A Metalúrgica Ponta Azul contratou AEP para todos os setores. No setor de montagem, a AEP apontou postura estática prolongada e ritmo determinado por esteira. Pela alínea "a" do item 17.3.2, a situação demandou avaliação mais aprofundada e foi feita AET, que recomendou bancada com altura regulável, revisão do tempo de ciclo e pausa adicional.
Na conferência do PGR: o inventário traz uma linha de "risco ergonômico — posturas inadequadas" para toda a produção, sem nível de risco. A AEP está anexa em PDF. A AET está anexa em PDF. O plano de ação tem uma linha: "adquirir cadeiras ergonômicas — responsável: SESMT — prazo: contínuo".
O que falta, item a item: o resultado da AEP não integrou o inventário (17.3.5, "a"); a revisão do tempo de ciclo é modificação da organização do trabalho e não gerou revisão do inventário (17.3.5, "b"); nenhuma das três recomendações da AET virou linha de plano de ação, e a única linha existente não corresponde a nenhuma delas (17.3.6, "b"); essa linha também não tem prazo nem responsável identificável (1.5.5.2.2); e não há classificação do risco ergonômico (alínea "i" do 1.5.7.3.2). O tempo de ciclo, aliás, é matéria do capítulo tratado em organização do trabalho na NR-17.
Onde a norma cala
Três pontos sem resposta no texto, e é honesto dizer isso em vez de resolver por conveniência.

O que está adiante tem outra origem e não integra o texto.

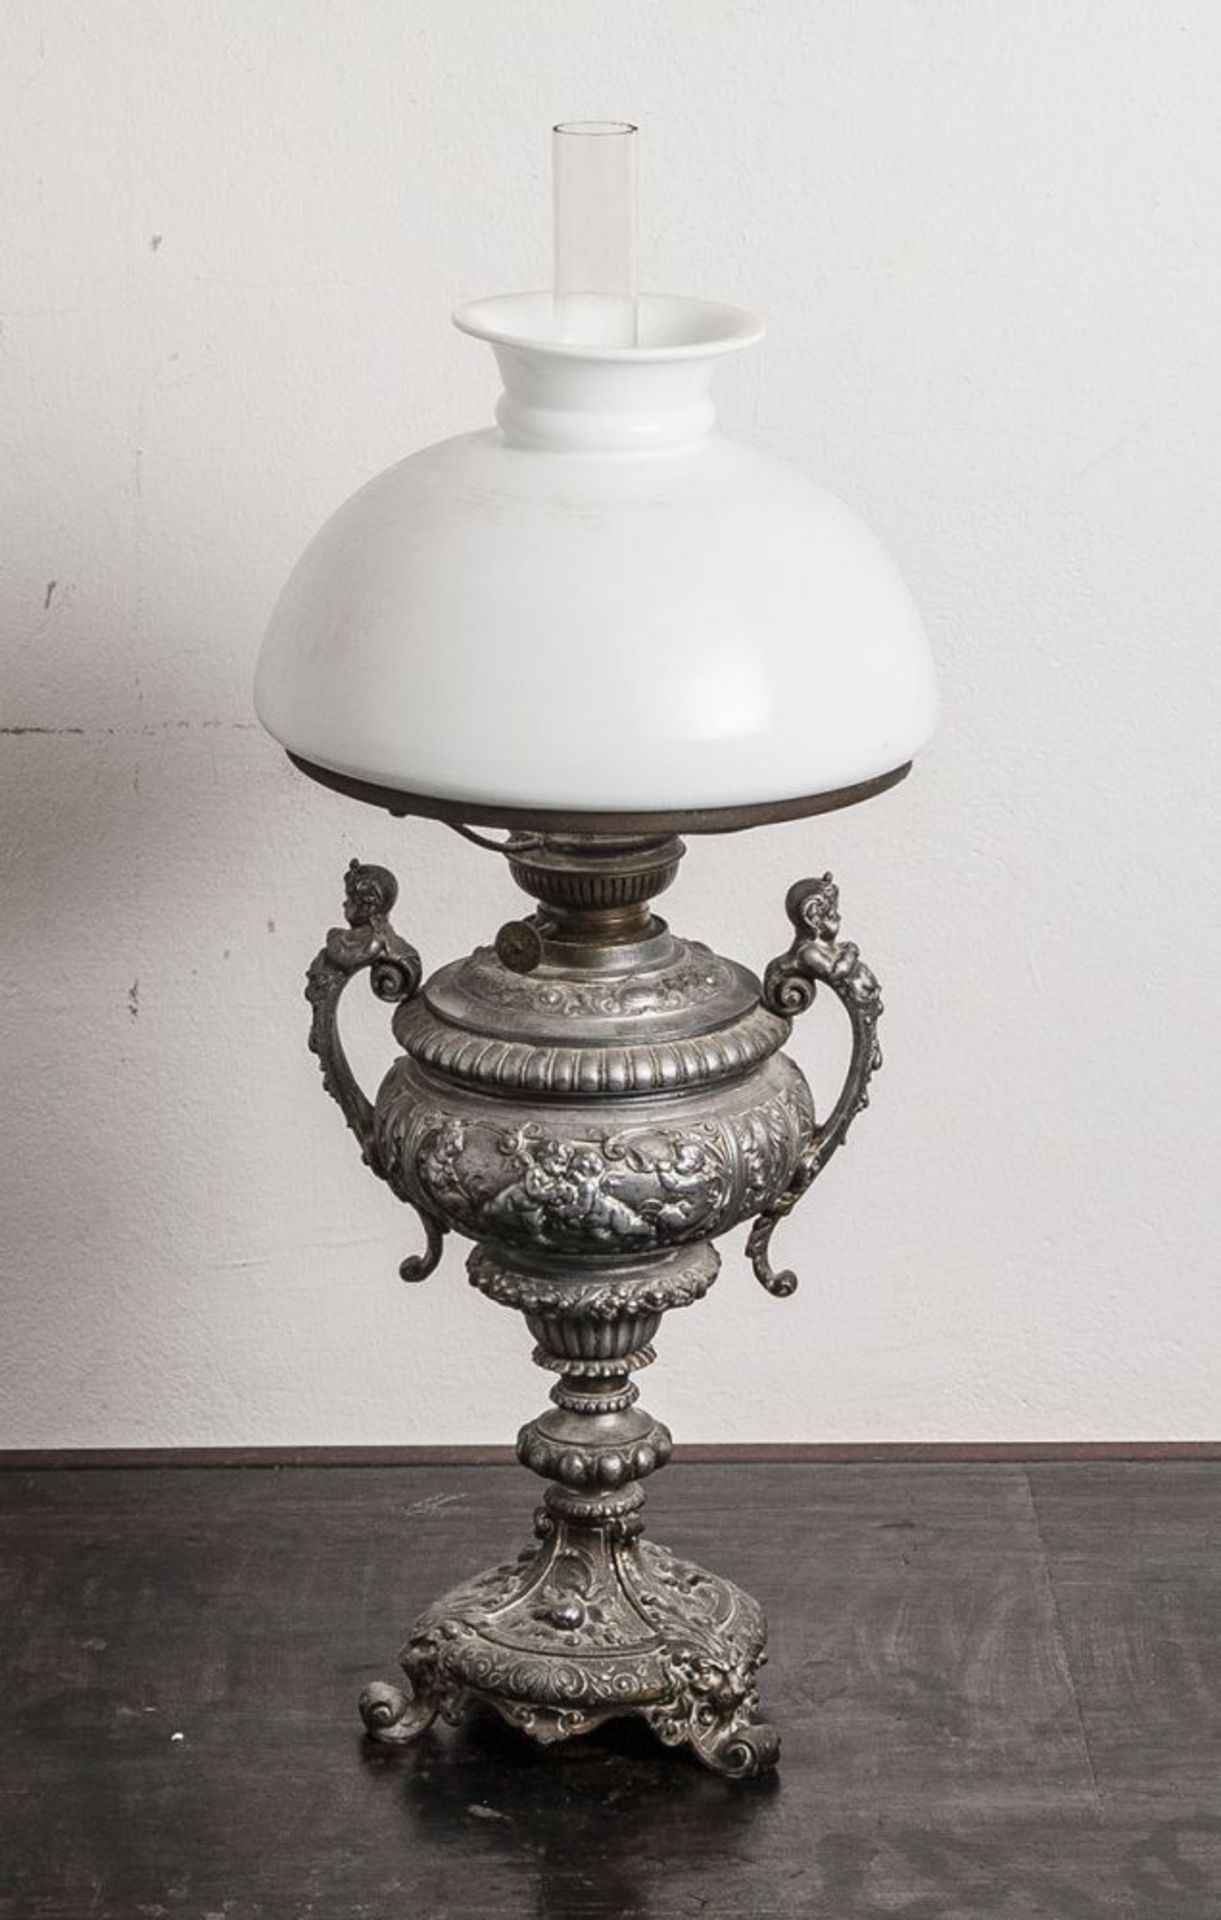 Petroleumlampe, Zinnguß um 1880/90, üppige Verzierung, weißer Glasschirm, Originalzustand.

- A forma da integração. O item 17.3.5 diz que os resultados devem integrar o inventário. Não diz se por transcrição para dentro das colunas ou por remissão a documento anexo. O argumento a favor da transcrição é o subitem 1.5.7.3.1, que manda consolidar os dados, e o próprio caput do 1.5.7.3.2, que manda o inventário contemplar aquelas informações. O argumento oposto — de que um anexo referenciado é parte do inventário — não está escrito em lugar nenhum, mas também não está proibido. A conferência que se sustenta é a que exige o dado dentro do inventário.
- A recomendação da AET que a organização decide não adotar. A alínea "b" do item 17.3.6 manda prever plano de ação para "as recomendações da AET", sem ressalva. A NR-01, no subitem 1.5.5.2.1, fala em medidas "a serem introduzidas, aprimoradas ou mantidas". Nenhuma das duas descreve o procedimento para recusar uma recomendação técnica. Silêncio não é permissão: o mínimo defensável é registrar a decisão, a justificativa e a medida alternativa adotada.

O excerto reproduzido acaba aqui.